The Board of ALLEA, has appointed the DRI’s Director Dr. Natalie Harrower as Chair of the ALLEA E-Humanities Working Group.
The Board of ALLEA, the federation of All European Academies, has appointed the Digital Repository of Ireland’s Director Dr. Natalie Harrower as Chair of the ALLEA E-Humanities Working Group.
ALLEA is the federation of All European Academies; it was founded in 1994 and currently brings together 57 Academies in more than 40 countries from the Council of Europe region. Member Academies operate as learned societies, think tanks and research performing organisations. They are self- governing communities of leaders of scholarly enquiry across all fields of the natural sciences, the social sciences and the humanities. ALLEA therefore provides access to an unparalleled human resource of intellectual excellence, experience and expertise.Independent from political, commercial and ideological interests, ALLEA’s policy work seeks to contribute to improving the framework conditions under which science and scholarship can excel. Jointly with its Member Academies, ALLEA is in a position to address the full range of structural and policy issues facing Europe in science, research and innovation. In doing so, it is guided by a common understanding of Europe bound together by historical, social and political factors as well as for scientific and economic reasons.

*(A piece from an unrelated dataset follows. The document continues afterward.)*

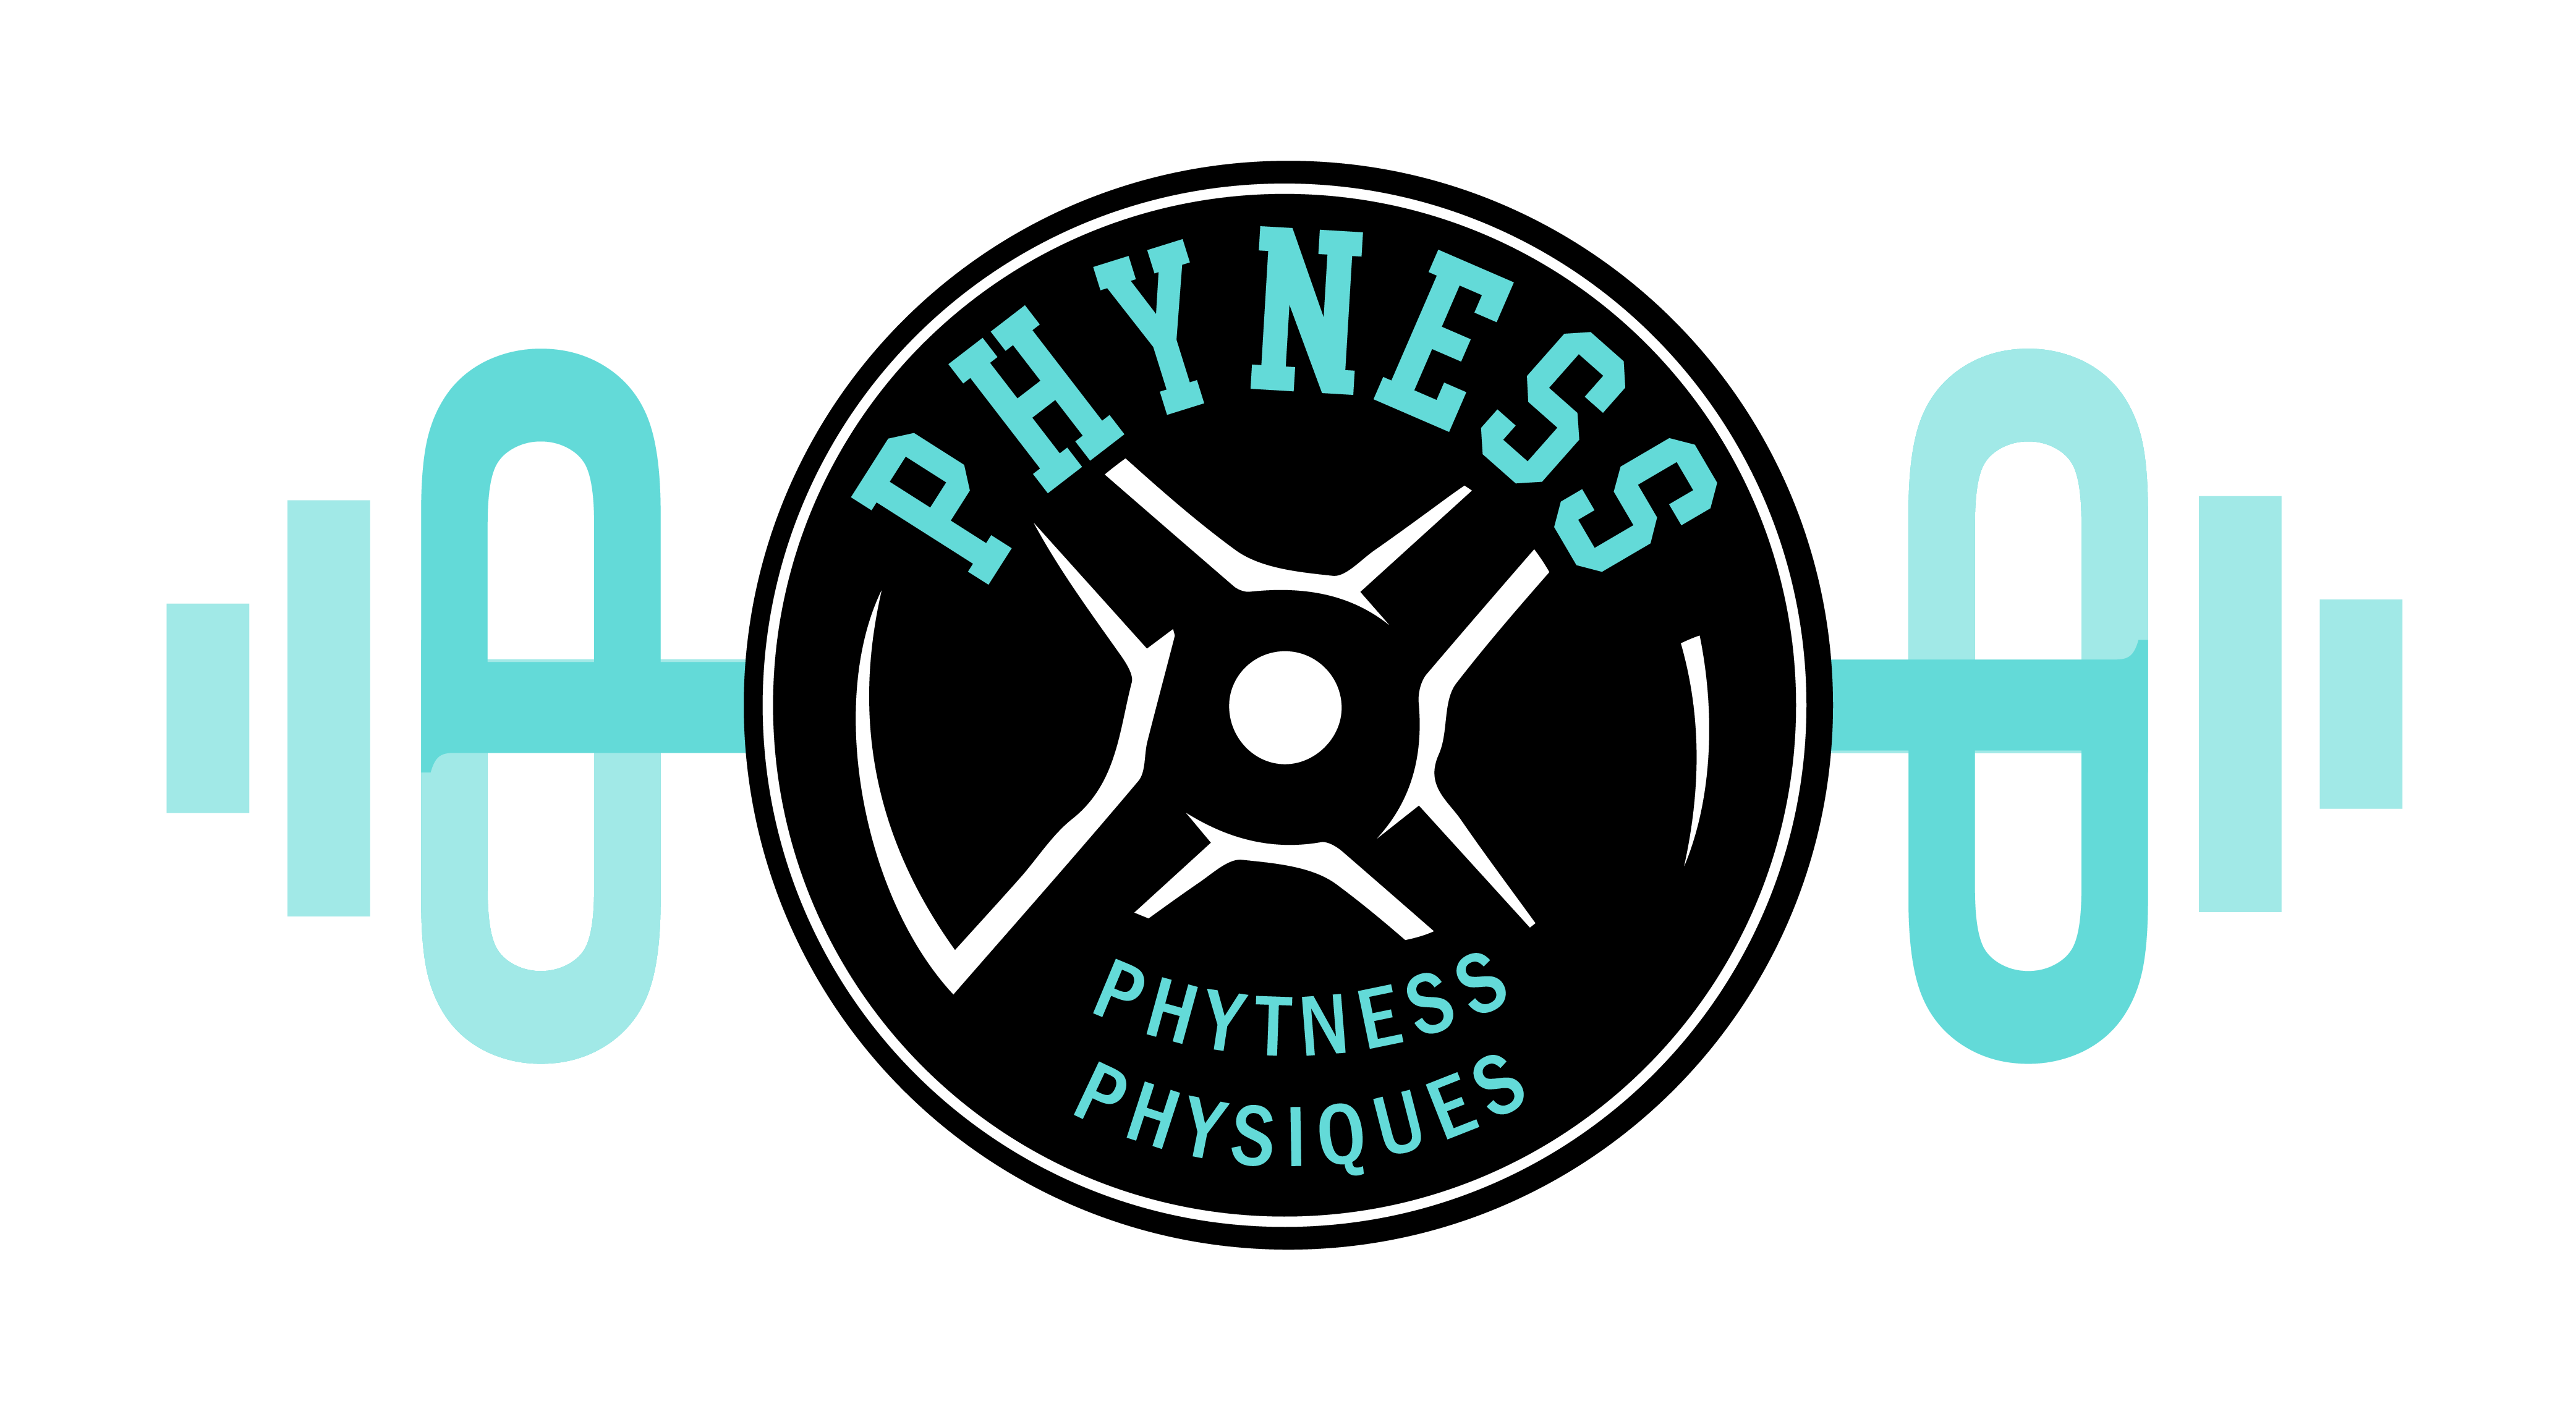 Phyness Phytness Physiques

President Gunter Stock and the ALLEA board appointed Dr. Harrower as the new Chair of the working group on E-Humanities, which addresses the role of digital humanities and computational humanities in the European landscape. Dr. Harrower was previously the group’s Secretariat, and was the editor and co-author on the group’s report Going Digital: Creating Change in the Humanities, published in May 2015.
The E-Humanities working group was first formed in November 2012, and currently consists of members from the Royal Irish Academy, The Norwegian Academy of Sciences and Letters, the Swiss Academies of Arts and Sciences, the Union of German Academies of Sciences and Humanities, The National Academy of the Lincei (Italy), the Austrian Academy of Sciences, and Prof. Laurent Romary, Director of DARIAH. The group will be working to support and promote e-Humanities, and to contribute to the European Open Science agenda.